Recorded information:
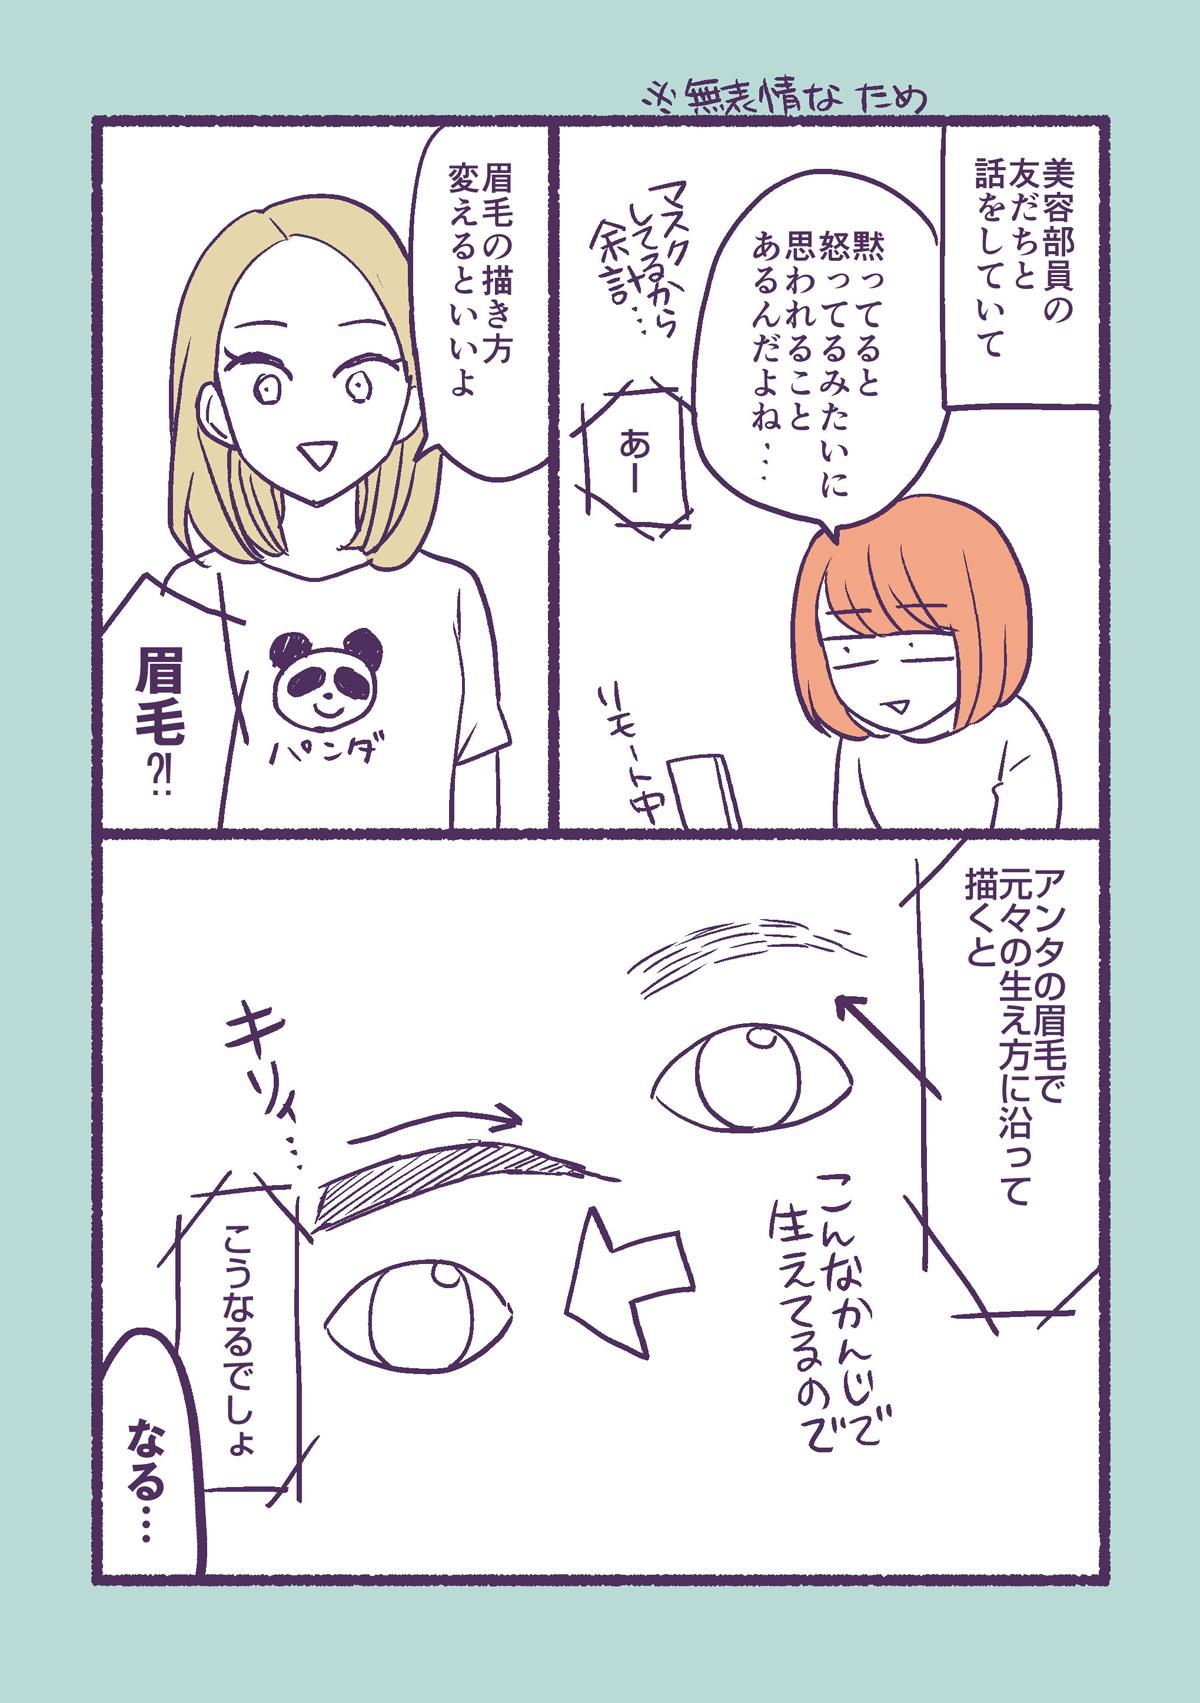 顔の印象を変えられる?オススメの眉毛の描き方!
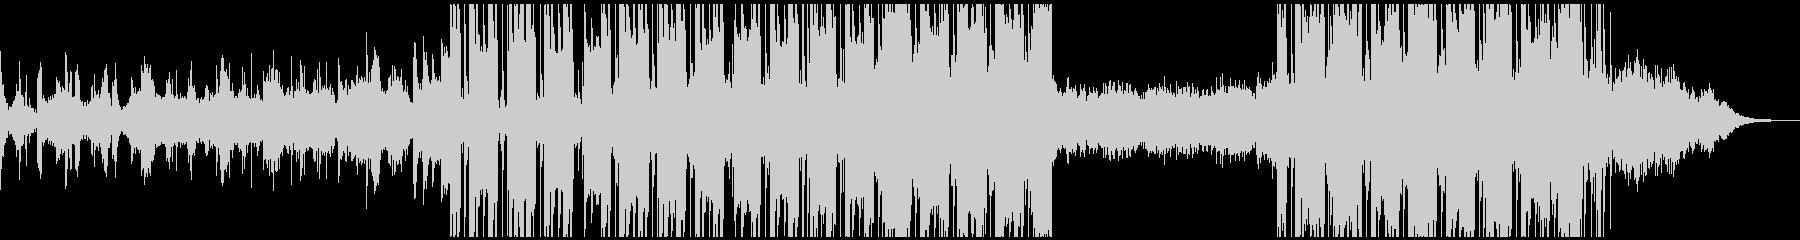 ドラム & ベース ジャングル 広...の未再生の波形
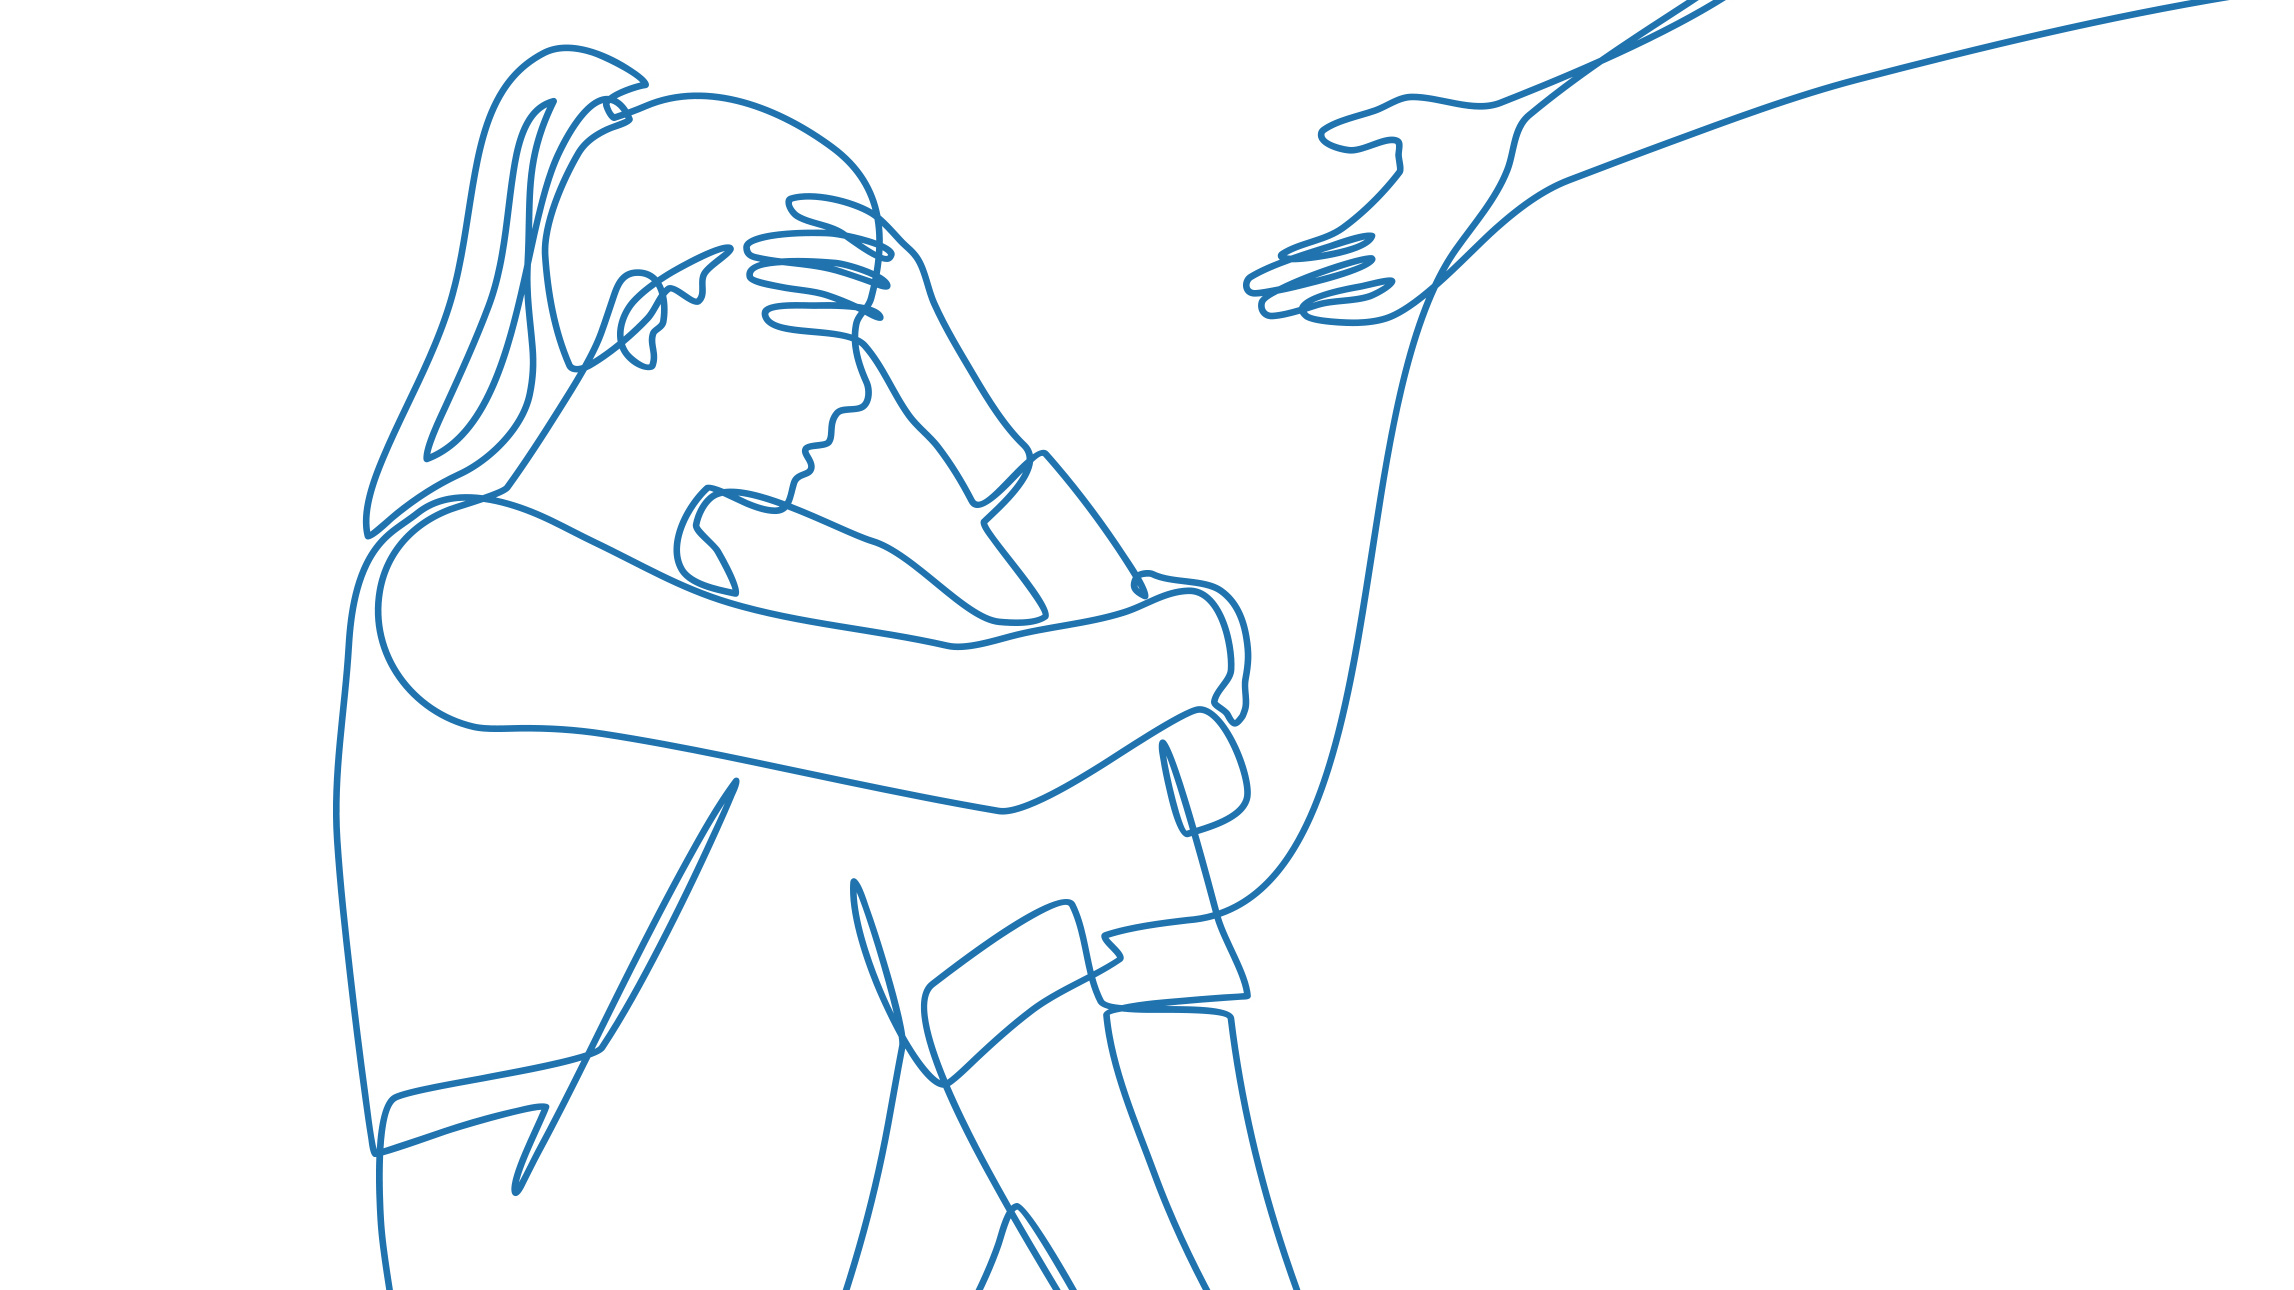 En hand sträcks ut till en kvinna som sitter ned med ett bedrövat kroppsspråk

Directions for this task:
Each line of the listing above belongs in the answer exactly as written; the pictures do not.

Exercise output:
 顔の印象を変えられる?オススメの眉毛の描き方!
 ドラム & ベース ジャングル 広...の未再生の波形
 En hand sträcks ut till en kvinna som sitter ned med ett bedrövat kroppsspråk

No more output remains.